Edit model card

Llama-3.2-1B-ultrachat200k

Model Details

Training Details

Training Hyperparameters

attn_implementation: flash_attention_2
bf16: True
learning_rate: 2e-5
lr_scheduler_type: cosine
per_device_train_batch_size: 2
gradient_accumulation_steps: 16
torch_dtype: bfloat16
num_train_epochs: 1
max_seq_length: 2048
warmup_ratio: 0.1

Results

init_train_loss: 1.726
final_train_loss: 1.22 \

Training script

import multiprocessing

from datasets import load_dataset
from tqdm.rich import tqdm
from transformers import AutoTokenizer, AutoModelForCausalLM
from trl import (
    ModelConfig,
    SFTTrainer,
    get_peft_config,
    get_quantization_config,
    get_kbit_device_map,
    SFTConfig,
    ScriptArguments,
    TrlParser
)

tqdm.pandas()

if __name__ == "__main__":
    parser = TrlParser((ScriptArguments, SFTConfig, ModelConfig))
    args, training_args, model_config = parser.parse_args_and_config()

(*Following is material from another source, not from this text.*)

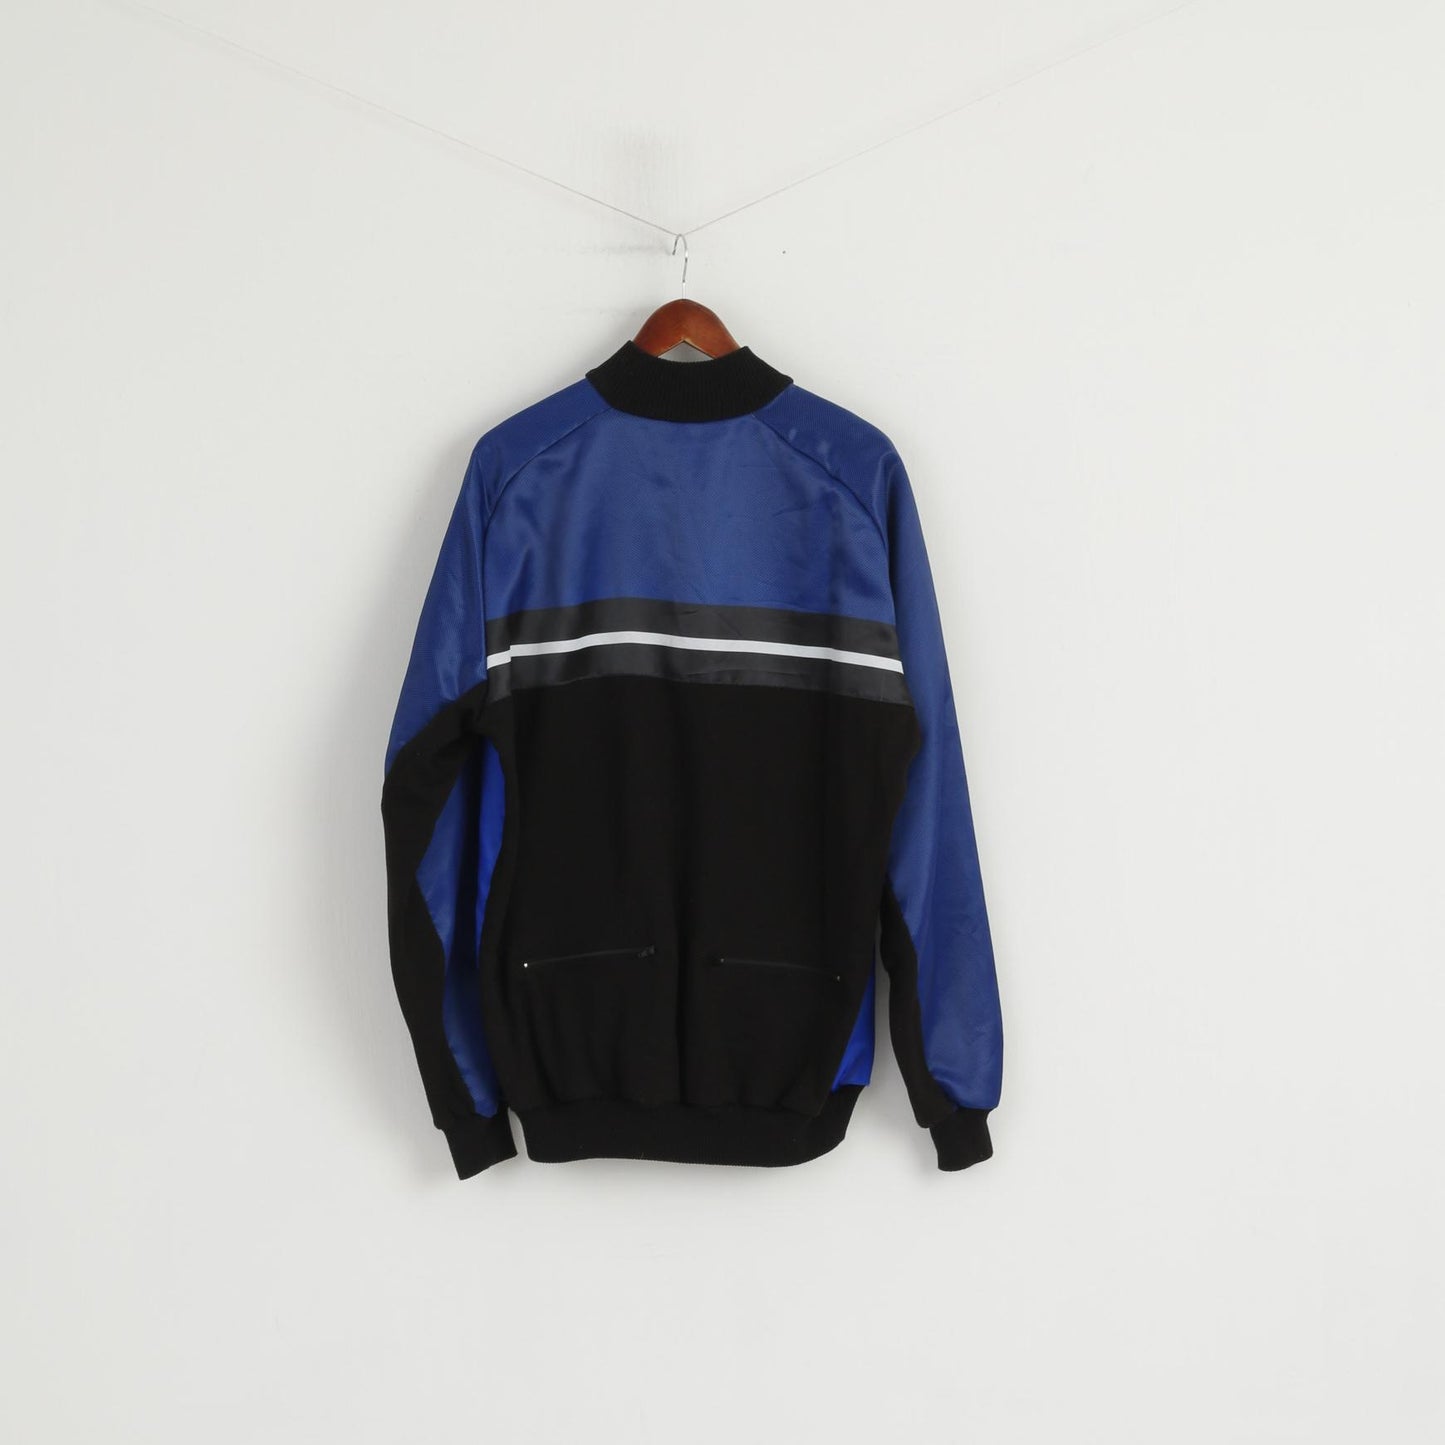 Rogelli Sportswear Men L Cycling Jacket Blue Full Zipper Warm Bike Wear Top

    quantization_config = get_quantization_config(model_config)
    model_kwargs = dict(
        revision=model_config.model_revision,
        trust_remote_code=model_config.trust_remote_code,
        attn_implementation=model_config.attn_implementation,
        torch_dtype=model_config.torch_dtype,
        use_cache=False if training_args.gradient_checkpointing else True,
        device_map=get_kbit_device_map() if quantization_config is not None else None,
        quantization_config=quantization_config,
    )

    model = AutoModelForCausalLM.from_pretrained(model_config.model_name_or_path,
                                                 **model_kwargs)
    tokenizer = AutoTokenizer.from_pretrained(
        model_config.model_name_or_path, trust_remote_code=model_config.trust_remote_code, use_fast=True
    )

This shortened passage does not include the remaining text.